If you have a savings account, you receive two types of interest: a basic interest and a loyalty premium. The base rate is proportional to the number of days that your money stays in the account. Every day counts and there is no other condition. But the fidelity premium only applies to credits that remain in your account for at least 12 consecutive months. If you withdraw your money before that due date, you will only receive the basic interest.

## On your savings account

At the end of the year, the bank calculates the interest to which you are entitled. This detailed calculation is available for free, all you have to do is ask. You then see on how many days the interest was calculated, at what percentage and on what amount, depending on the deposits and withdrawals that you possibly made.

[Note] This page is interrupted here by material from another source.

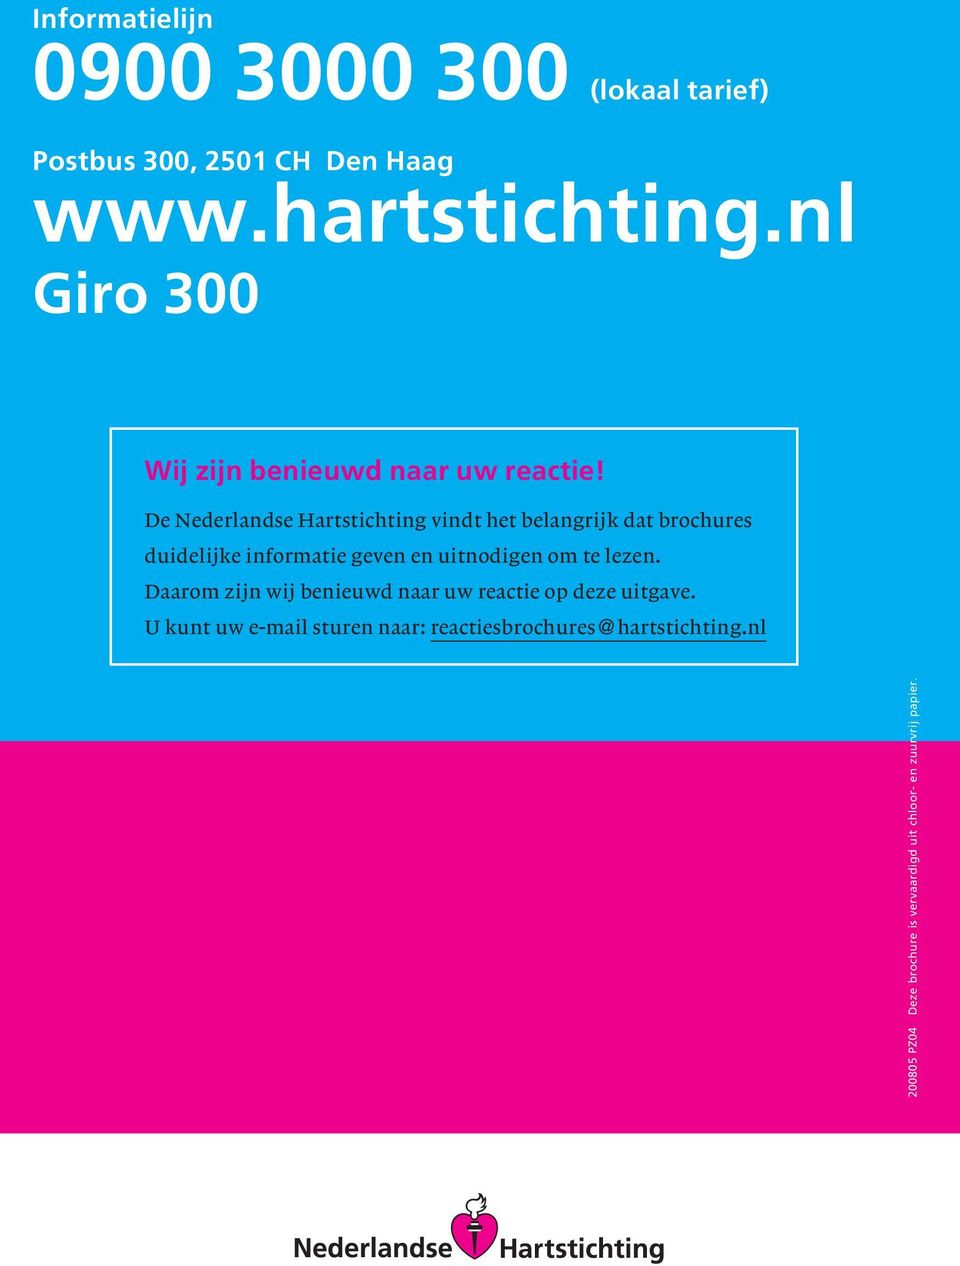 De Nederlandse Hartstichting vindt het belangrijk dat brochures duidelijke informatie geven en uitnodigen om te
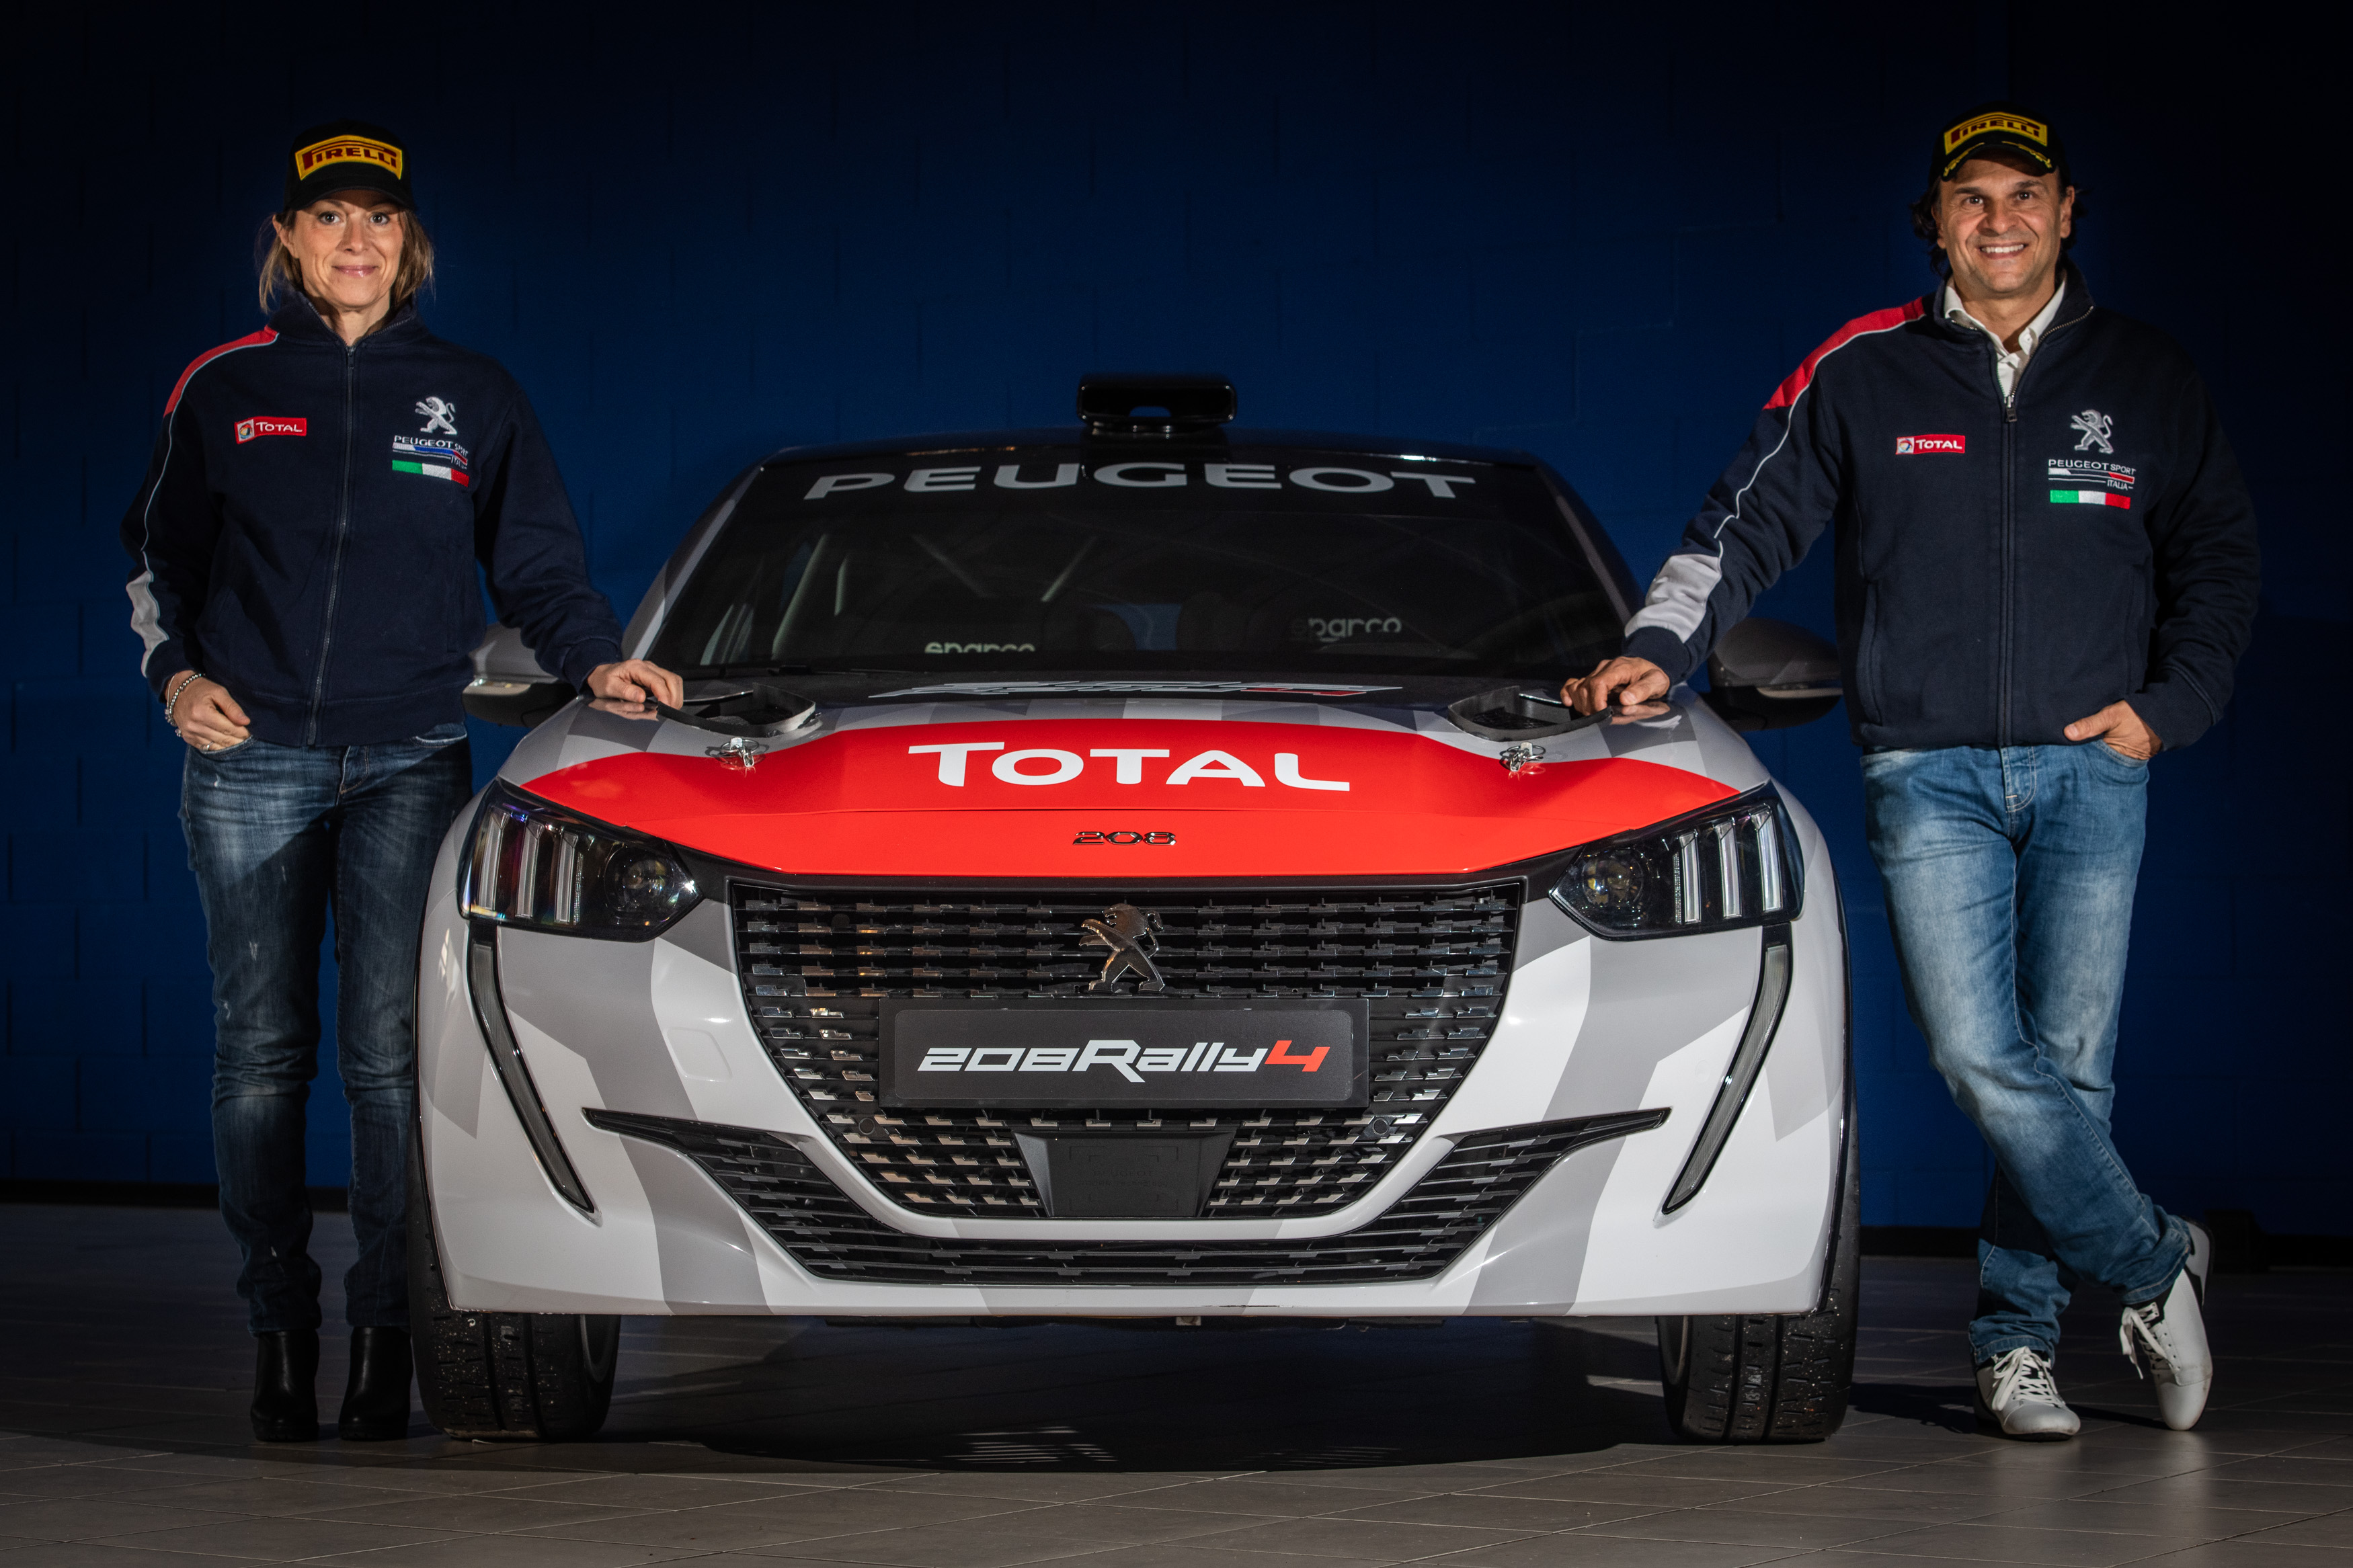 Una nuova Alpine per celebrare la passione del rally - image Peugeot-208-Rally-4-con-Paolo-e-Anna on https://motori.net

In practice, a bank uses the following formula to calculate the base rate: [capital x interest rate x number of days] / 365. You will notice that the basic interest is credited to your account at the beginning of January.

The loyalty premium, which you therefore receive after one year, is paid out at the start of the following quarter. So that’s four times a year. Bear in mind that the basic interest and loyalty premium are never fixed: the bank can change them at any time.

## The interest on your loan

If you borrow money, the interest corresponds to the costs you pay for the loan amount. In other words: they are the remuneration that the bank pays for the service provided. How much interest you pay, of course, depends on the interest rate, the size of the amount and the duration of the loan. The parameters of all credit costs are bundled in the APR or “annual percentage rate”. This indicator is calculated in the same way by all banks, so that those looking for a loan can compare all offers transparently.

To calculate the amount of interest on a loan and the monthly installments, the bank also draws up a debit table. For the entire term and for each monthly installment, this specifies how much capital and how much interest the borrower repays and what loan balance is left after each monthly installment. The total amount of interest to be repaid is also stated. Since the interest is always calculated on the outstanding balance, the share of the interest in the total amount decreases as you pay off the loan.